I'm another one of those anti-death penalty pro-choice people. I also see it as an undesirable but necessary option. Where to draw the line is always the biggest question for me. IMO, a potential human life is still not a human life. If you talk about "potential", you go back to blastocysts and even earlier, and I find that absurd. A collection of cells without thoughts or feeling cannot be valued equally to a full-term human. But again, where to draw the line? One of the key points of development that interests me is the beginning of electrical activity in the brain. This occurs partway through pregnancy, and would seem to indicate the beginnings of thought/feeling. Something I think is worthy of consideration.
no subject
Date: 2005-12-14 03:44 am (UTC)I still maintain that the death penalty is a deterrant to some, but not other people. People aren't necessarily rational when they kill, some feel justified, some just don't care what happens to them. It's enough that I would agree that the death penalty in itself isn't a deterrant to everyone (though it sure is to me!)

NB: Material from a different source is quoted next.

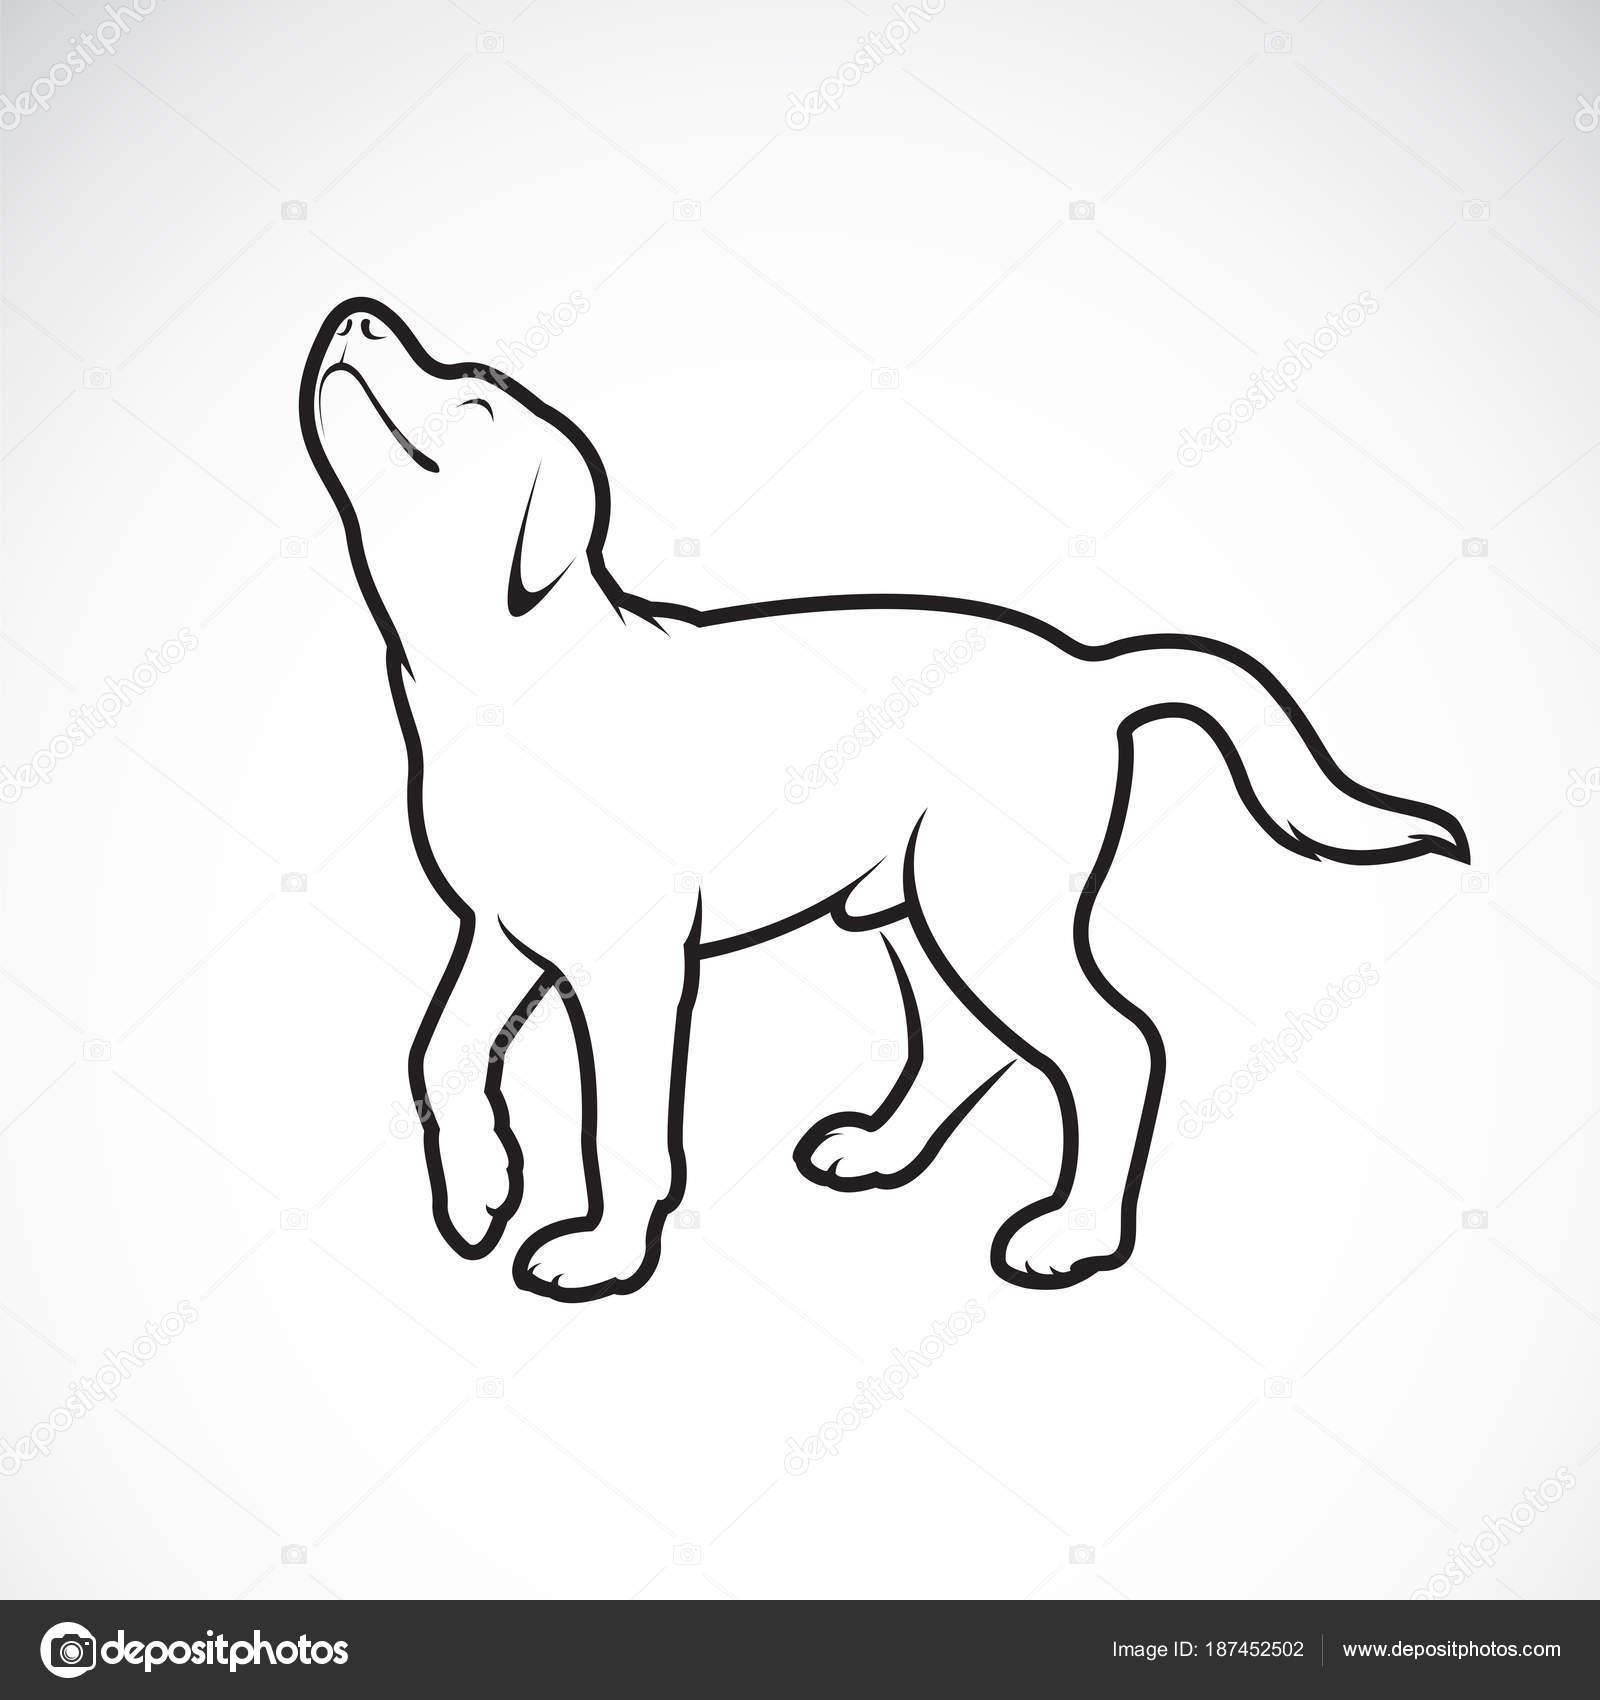 Dibujos Palomas Blancas Faciles Vector De Un Labrador De Perro

The idea situation would be a prison system that honestly worked on reahbilitating the inmates: providing them with access to knowledge and learning, addressing why they killed, and how they can overcome it. There would be a review board every X years (10 for example) to see if the person had honestly repented and wanted to better their life. There should be harsh penalties if the individual kills again. If a society values life highly, then you have to be willing to forgive people who kill, even if the kill again. At this point, our society is more concerned with vengence than justice.
Our society is not perfect, nor will it ever be. We can do the best we can. If people are still alive, there remains the chance that they could be proven innocnent.
That being said, if I saw someone kill another person, or knew they killed someone I loved, or was responsible for genocide, I don't know how I would react. Part of me strongly believes that if you take another life, you forfeit your own. I won't know the answer to that until I face it myself.
See, I don't know if it is a necessary option. Having an unwanted baby isn't the end of the world. My sister is proof of that. I agree that a collection of cells is not a human being. I also that know that eventually it will be. I know that it has not say in what happens to it. Part of me is OK with that. Part of me is horrified.
Now if we had the technology to grow embryos outside of the body, this could become a non-issue. Pregnant? Don't want to have the baby? We'll transplant it out of you and put it up for adoption! Plenty of people who want kids!